Military Needs Women: Navy’s 1st Female Fighter Jet Pilot

The U.S. Navy’s first female F-14 tomcat fighter pilot advised women to be “fearless” and “go all in” because the military needs women in leadership roles.

In the mid-1990's Carey Lohrenz accomplished something no other woman had done before. She told NBC 7 Wednesday that she didn't think twice about pursuing her passion to become a Navy pilot.

The daughter of a U.S. Marine says growing up she believed she could do anything but being a trailblazer in a field of men wasn't an easy ride.

“I always came from a position of, the jet doesn't know the difference, so why is this such a big deal,” said Lohrenz.

But apparently it was a big deal to her fellow Navy pilots who weren't ready to welcome in a woman combat pilot.

“Stepping into naval aviation it was about a hundred years of entrenched strong culture,” Lohrenz said.

A culture that created an atmosphere that wasn't very friendly to female pilots and Lohrenz says it never got easier.

Courtesy Carey Lohrenz

While she knows women still have to break through many barriers she told women at the Farmers Insurance Open Executive Women’s Day luncheon in La Jolla to be fearless.

Women must push forward in combat and leaderships roles because the military needs women, she explained.

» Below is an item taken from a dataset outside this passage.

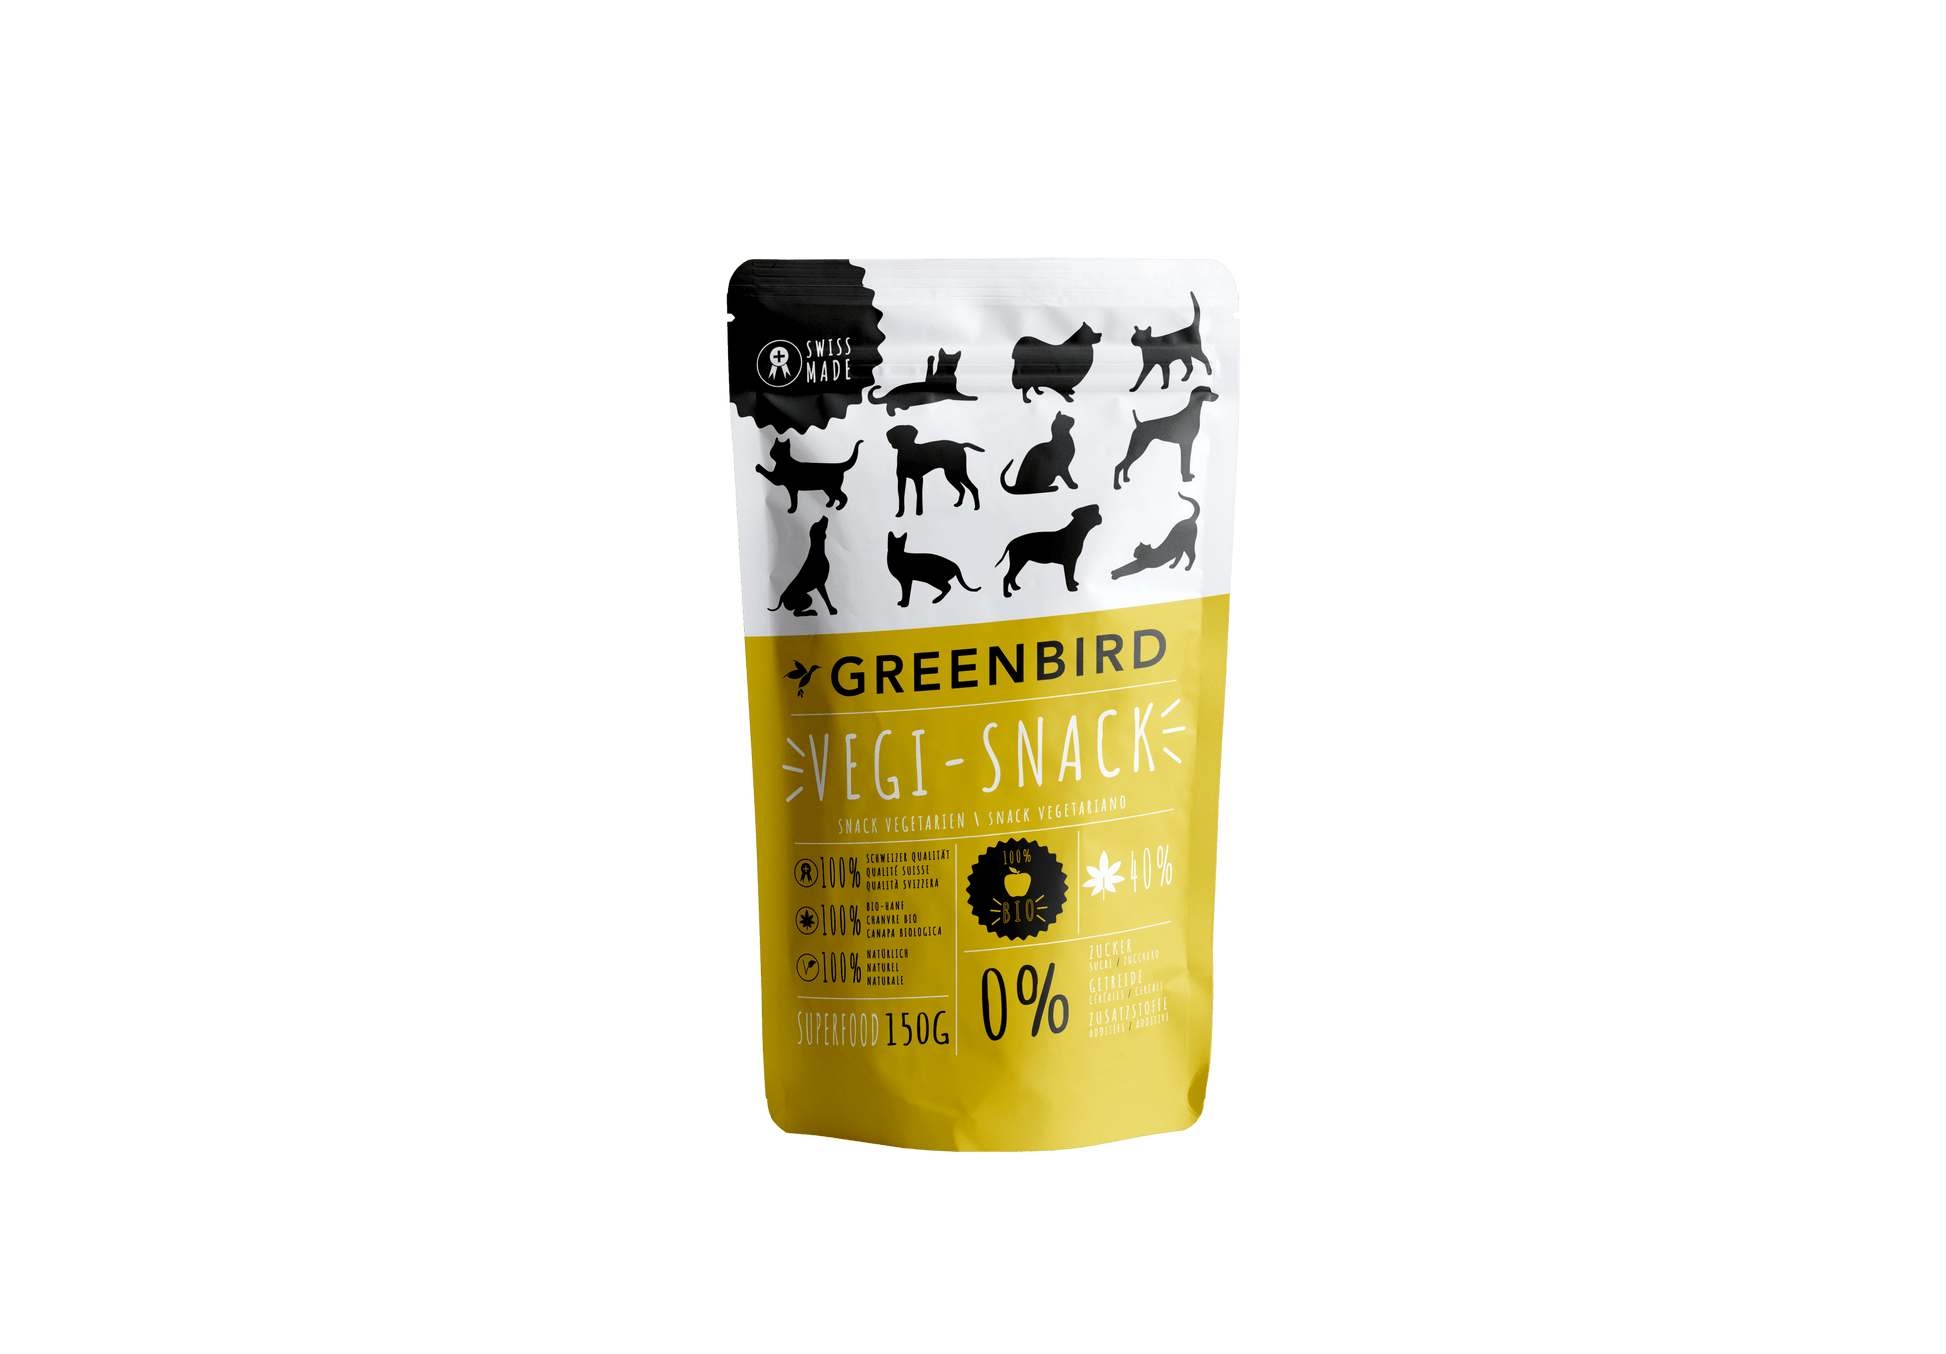 Swiss Hand Made Snack - greenbird - Kauartikel:Rind, Kauartikel:Vegetarisch, Kauartkel:Huhn, Tierart:Hund, Tierart:Katze, Tierart:Pferd - Marigin AG Onlineshop für Tierbedarf

“From a numbers perspective, first of all, but more importantly women problem solve differently,” she said. “We bring different assets and attributes to the table.”

Her message to women in fields like technology, politics, and business is not to wait until you think you are ready for the next big thing to grab an opportunity, because most men don't.

“At the end of the day when you start questioning that voice that says I am not ready yet, go all in,” she said.

Lohrenz believes when you push past those limits, that is when the magic happens.